* _Exercise description_: Would you retype, word for word, only the lines from the one holding "nikon70-200 f2.8(大竹炮)成色极新箱说全9600.送b+w uv镜包顺丰" through the final line of the entries below, without the pictures?

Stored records
• • • • •
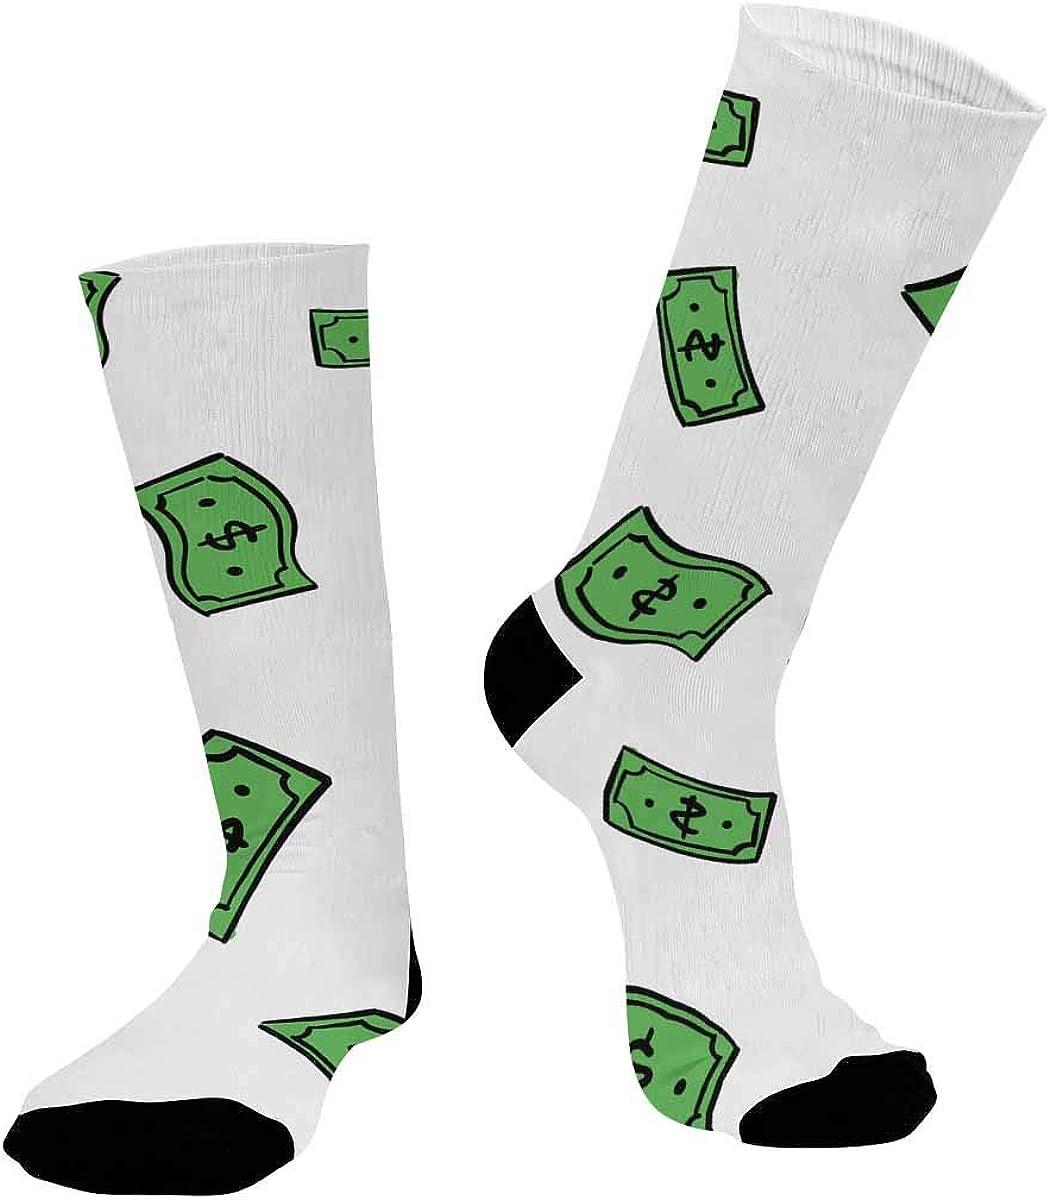 INTERESTPRINT Athletic Sublimated Crew Socks for Adults Money Rain
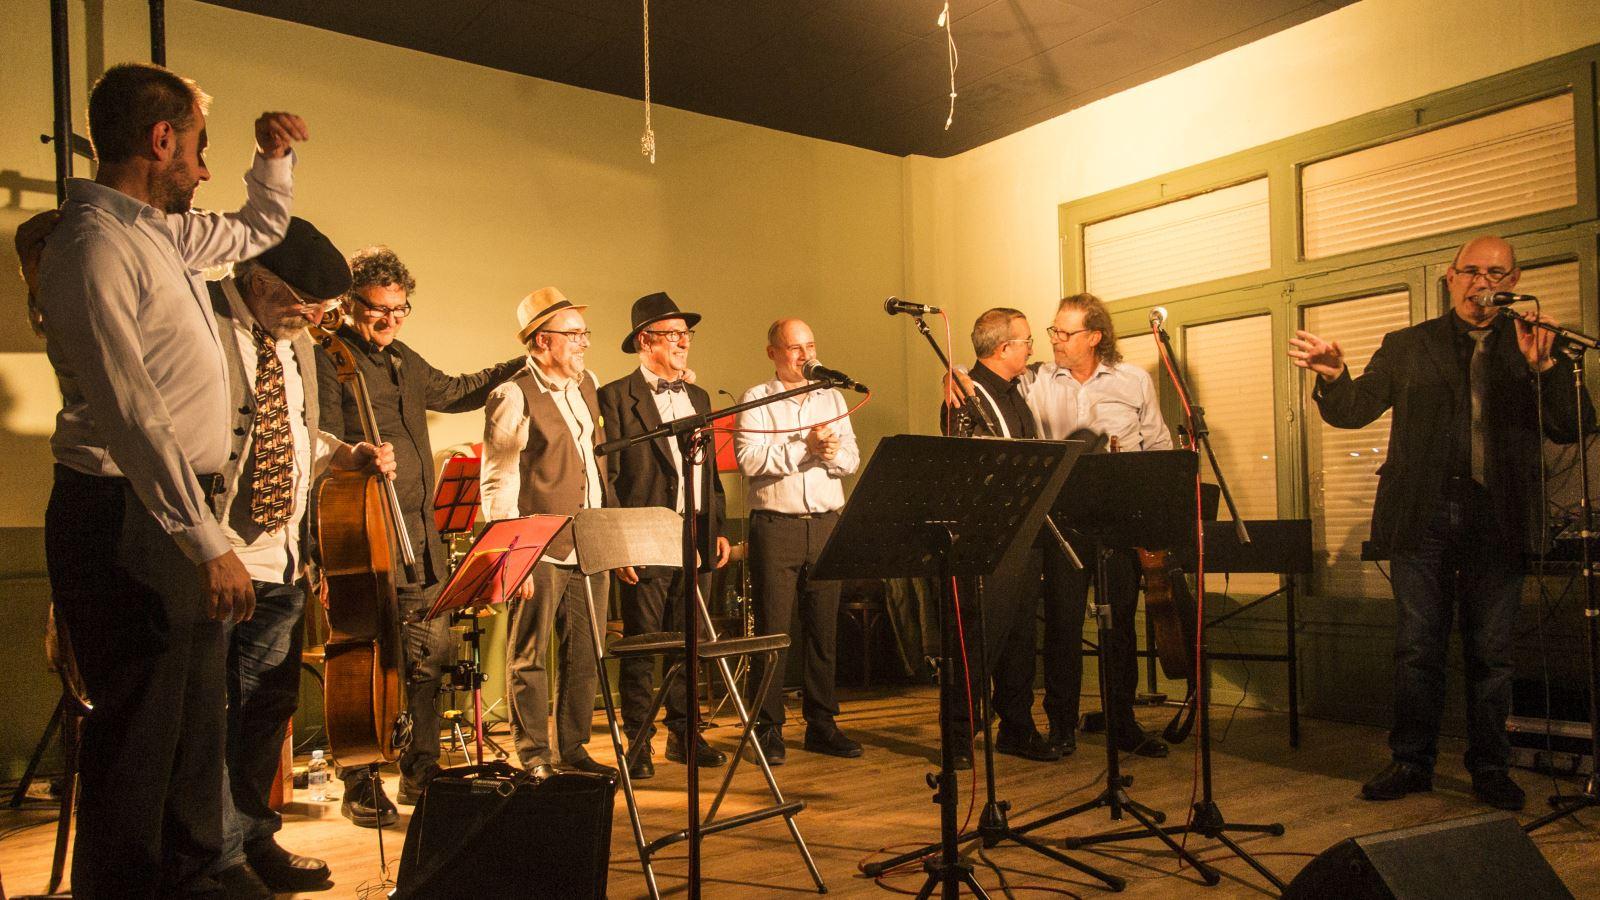 Actuacio conjunta del grup Boira amb Piccola Band a Mollerussa
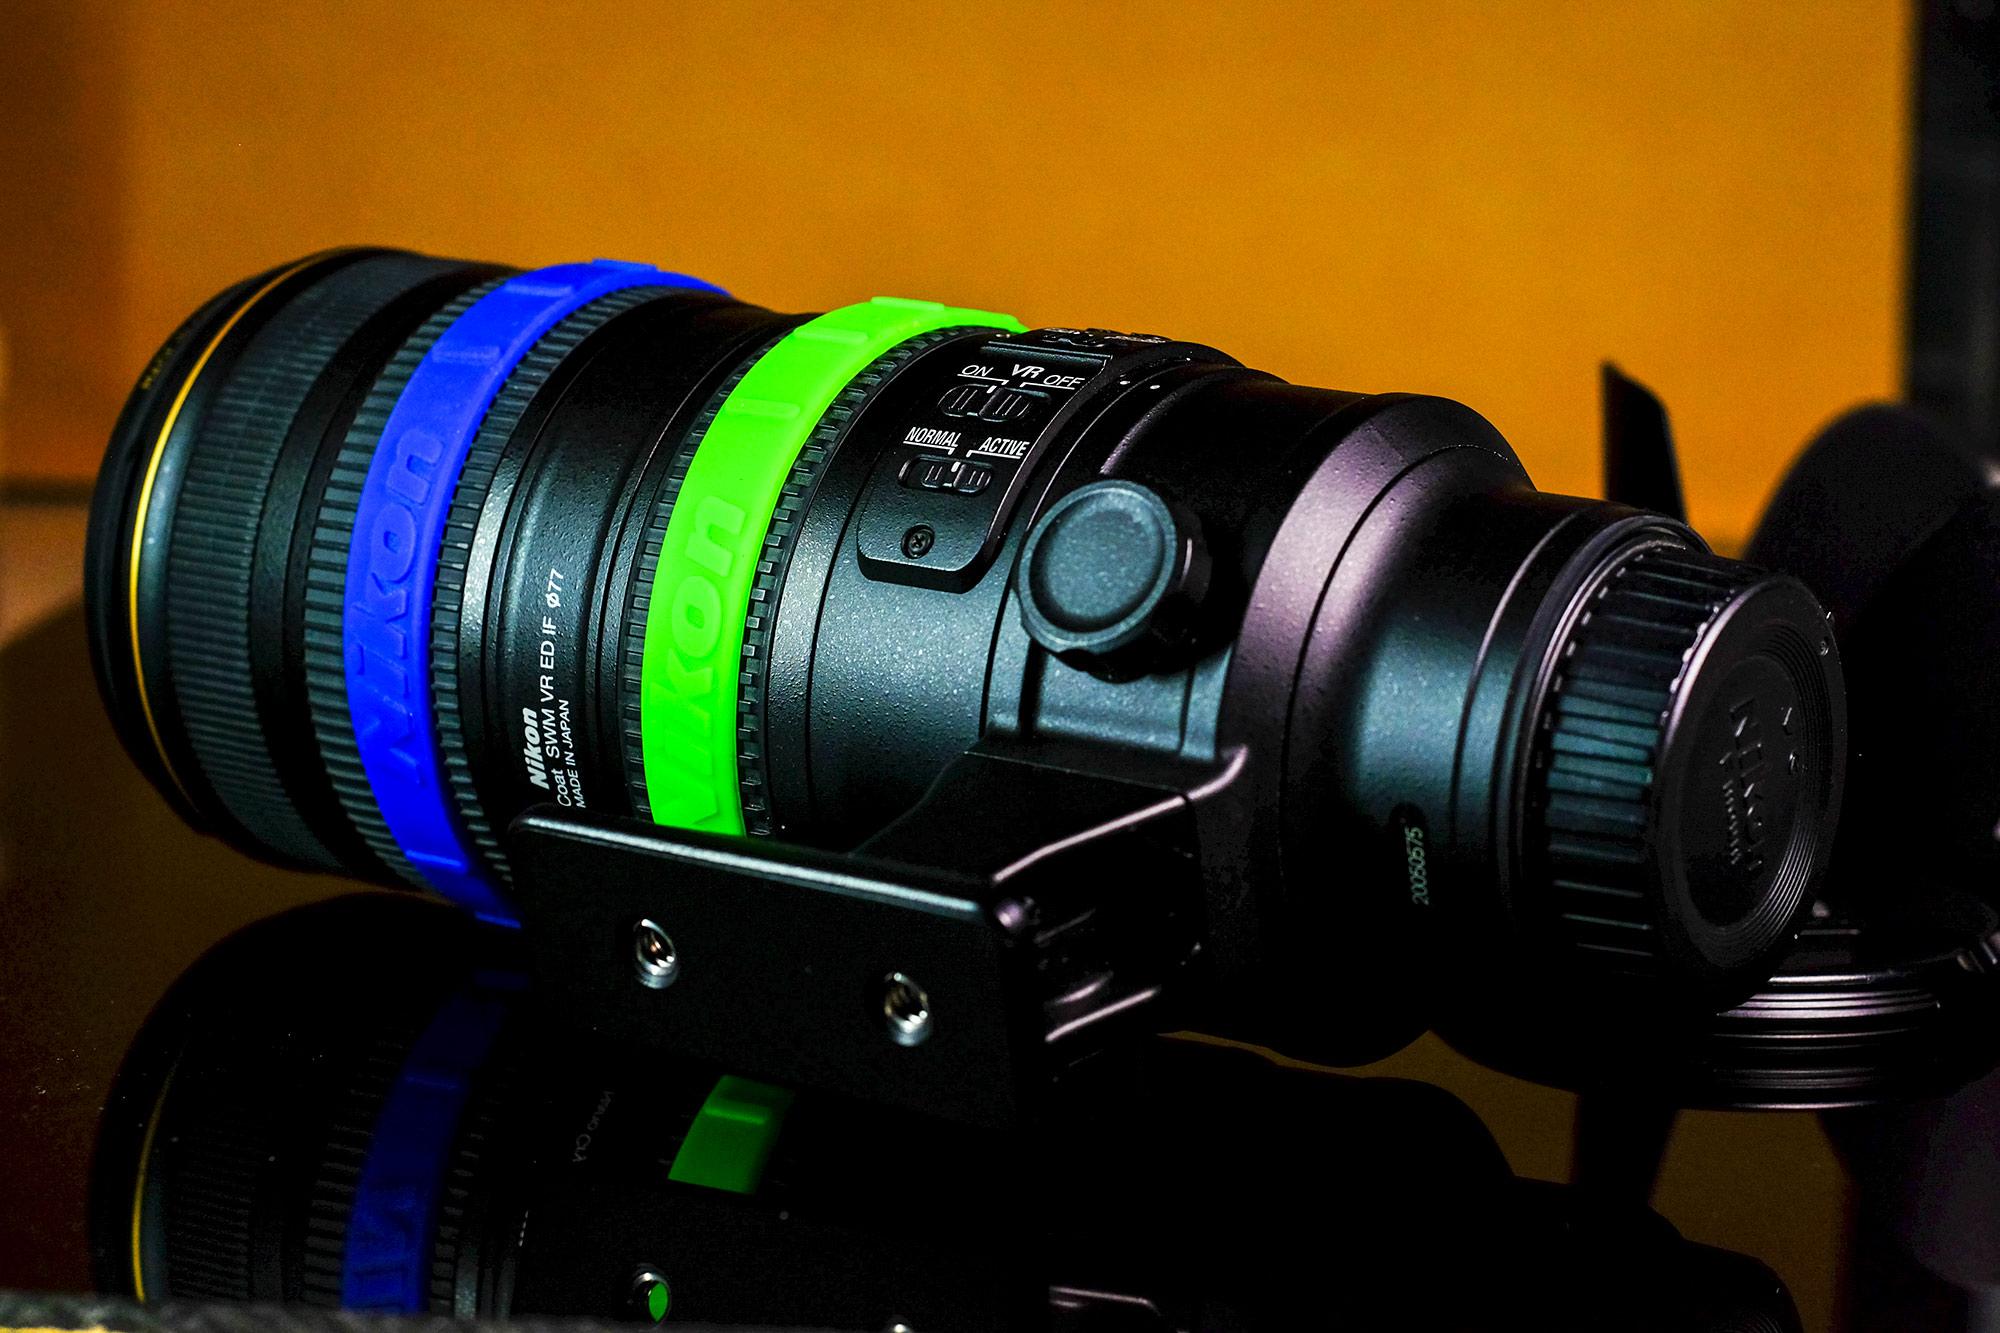 nikon70-200 f2.8(大竹炮)成色极新箱说全9600.送b+w uv镜包顺丰
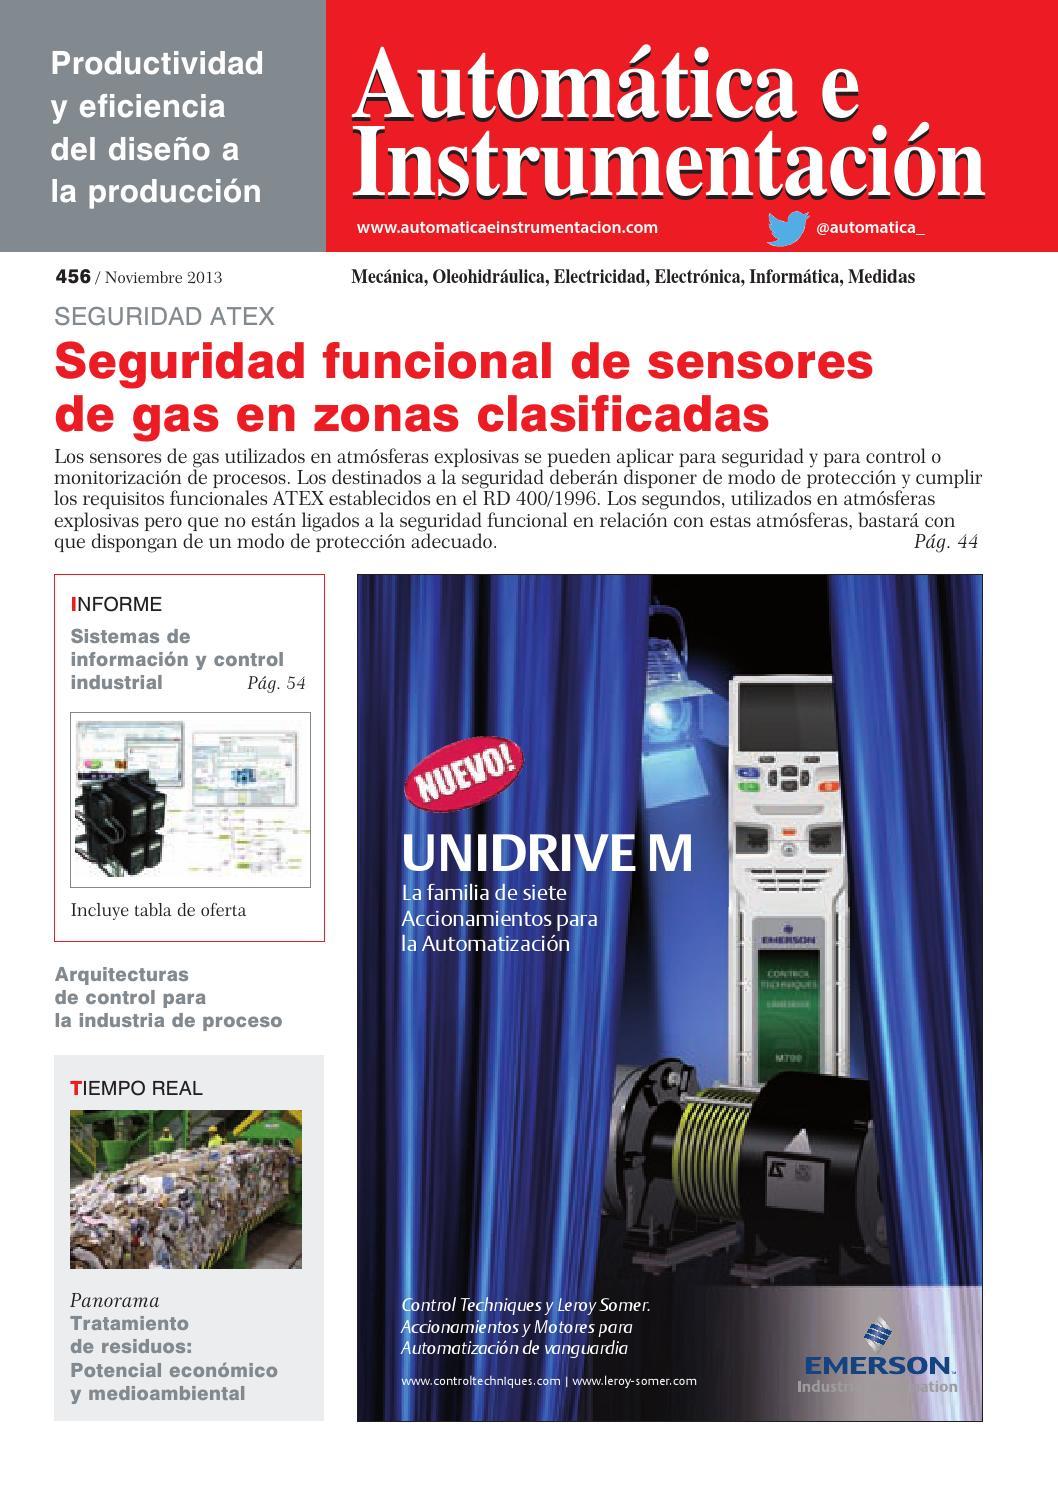 Automática e Instrumentación - nº 456 by Digital Newspapers S.L. - issuu
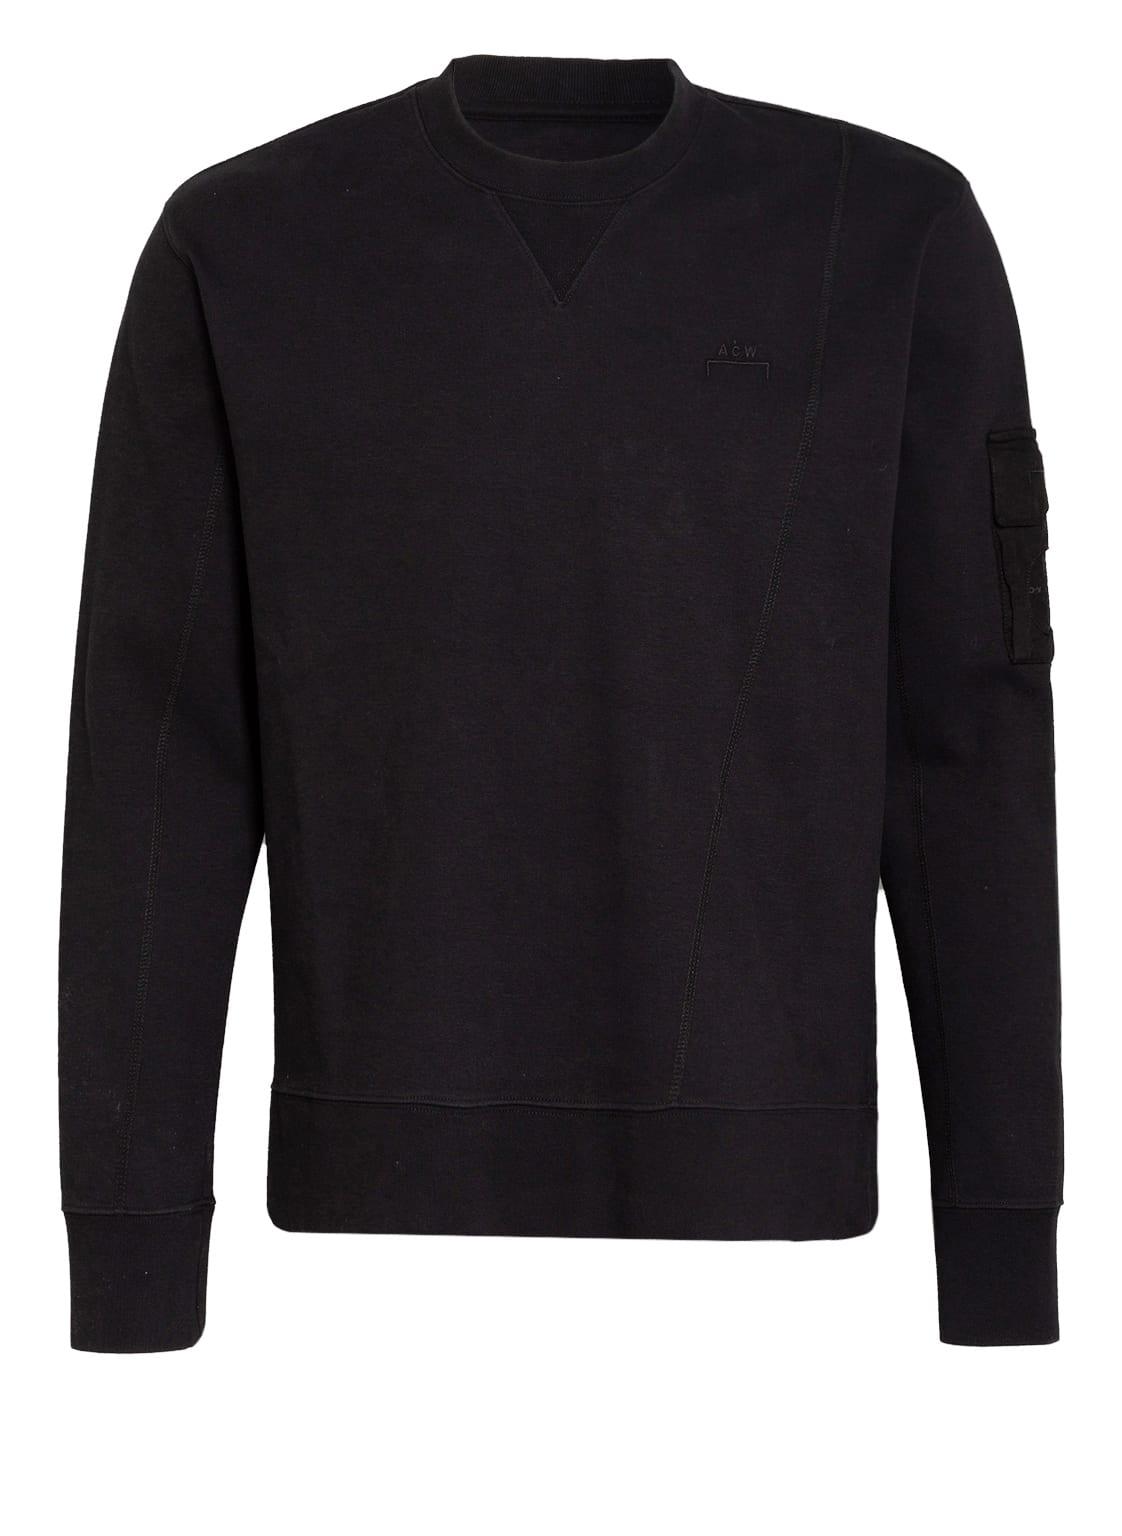 Image of A-Cold-Wall* Sweatshirt schwarz
• • • • •
* _Exercise output_:
 nikon70-200 f2.8(大竹炮)成色极新箱说全9600.送b+w uv镜包顺丰
 Automática e Instrumentación - nº 456 by Digital Newspapers S.L. - issuu
 Image of A-Cold-Wall* Sweatshirt schwarz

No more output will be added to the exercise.